The IO chain initially looks like this:

mod_perl->mod_chunk->mod_ssl->mod_net

After the content type is set, the chain changes:

mod_perl->mod_include->mod_chunk->mod_ssl->mod_net

During the inclusion of the 40 KB file, mod_include allocates a series of
4 KB buffers, fills them from the file, and sends them down the chain (or
maybe it uses mmap).  The analysis is left to the reader, but the end
result is that ap_bput is called 50 times during the request phase.  Is
that a lot?  Consider the amount of work being done, and the fact that we
have avoided all the overhead of using, for example, actual pipes, or
thread-safe queueing.  Calling functions in a single userland context is
known to be fast.  The number of calls could be reduced if mod_include
used a larger internal buffer, but at the expense of memory consumption
(or it could use mmap).  Note also that the number of ap_bput calls does
not translate into packets on the wire.  mod_net is free to do whatever is
optimal with respect to packet boundaries.

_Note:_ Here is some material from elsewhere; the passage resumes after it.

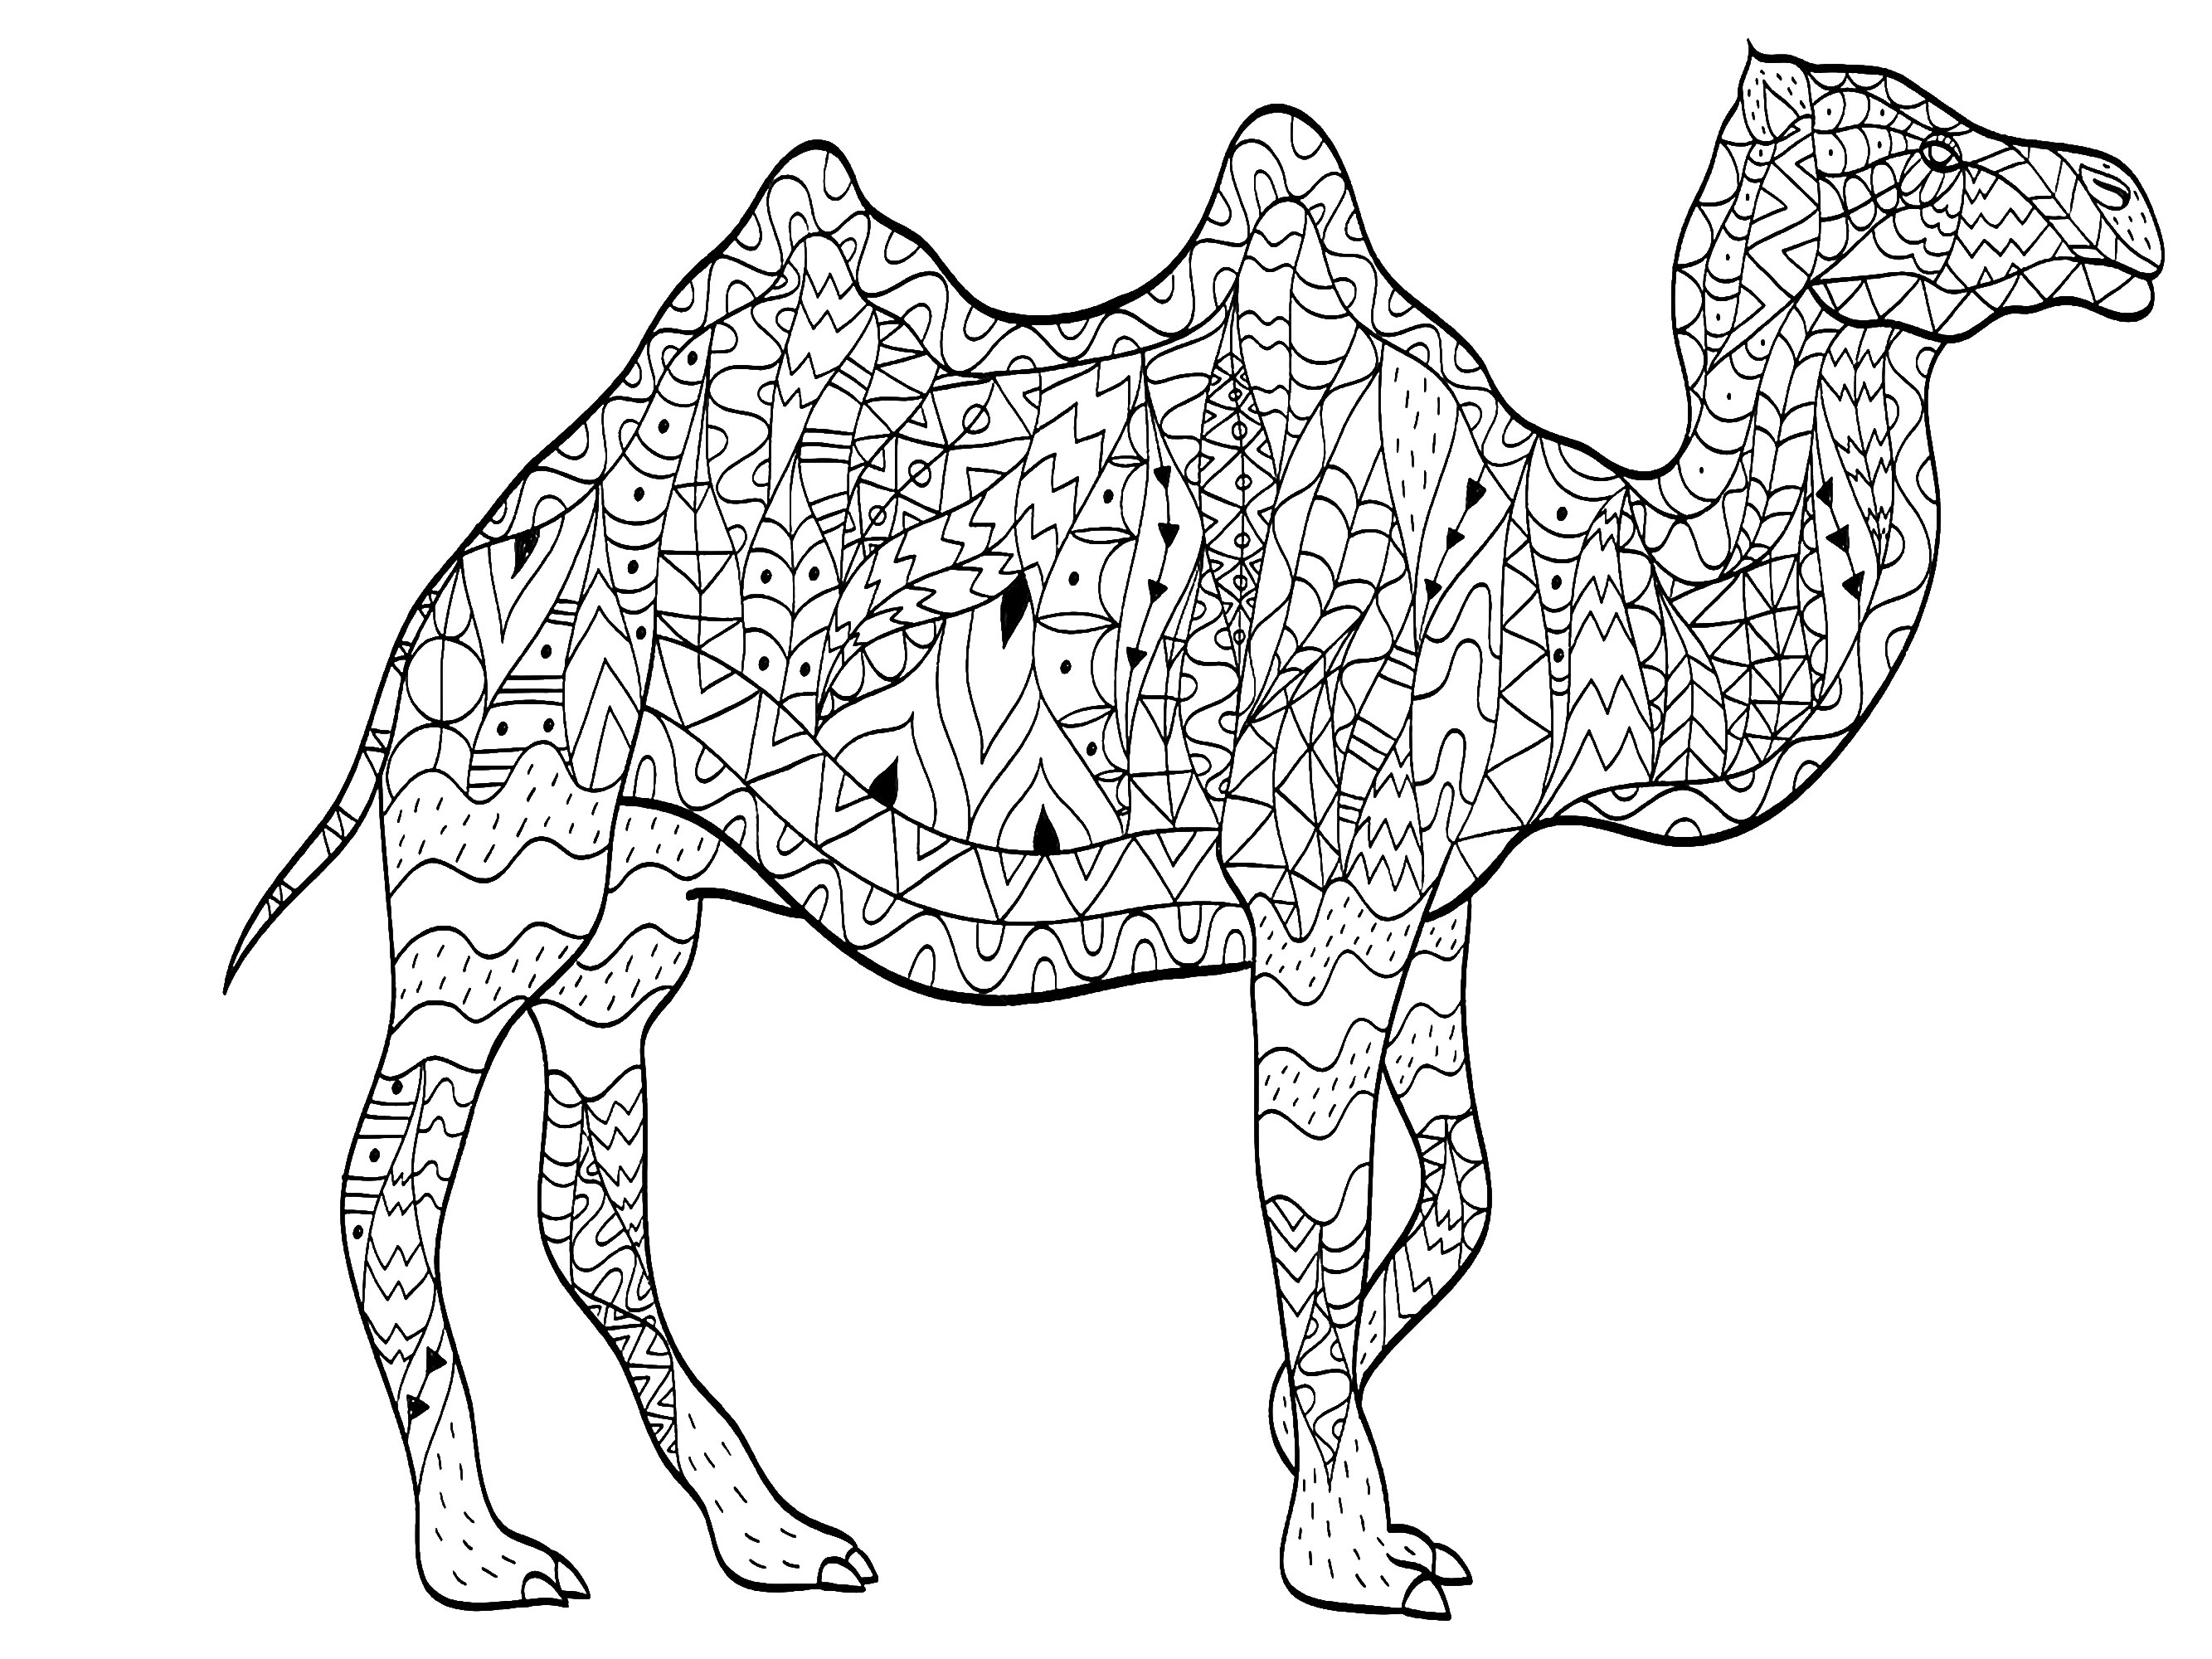 Um camelo majestoso desenhado com padrões variados e originais, Artista : Viktoriia Panchenko   Fonte : 123rf

The second example represents high performance static content delivery.  
The content-generating module has all headers and content cached or mapped
in memory.  The entire output phase is accomplished in a single ap_bput
call, and the networking module does The Right Thing to ensure best
network usage.

Am I rambling yet?  I'd like to get some opinions on this system, if
anybody feels it is significantly different from those already proposed.  
I realize that I have waved my hands regarding actually deciding when to
use what IO layers and where, but I am confident that a logically
appealing system could be devised.

Regards, 
Jeffrey

> 
> Yes, these two architectures are similar and can accomplish the
> same tasks, but they don't have the same performance characteristics
> and they don't have the same configuration interface.  And, perhaps
> most significantly, relayed-IO systems are not as reliable because
> it is very hard to anticipate how processing will occur and very easy
> for the system to become stuck in an infinite loop.
> 
> I don't want a blackboard architecture in Apache, regardless of the
> version of the release or how many users might be satisfied by the
> features it can implement.  It is unreliable and hard to maintain
> and adds too much latency to the response processing.  But if somebody
> else really wants such an architecture, and they understand its implications,
> then I won't prevent them from going with that solution -- I just
> don't want them thinking it is what we meant by layered-IO.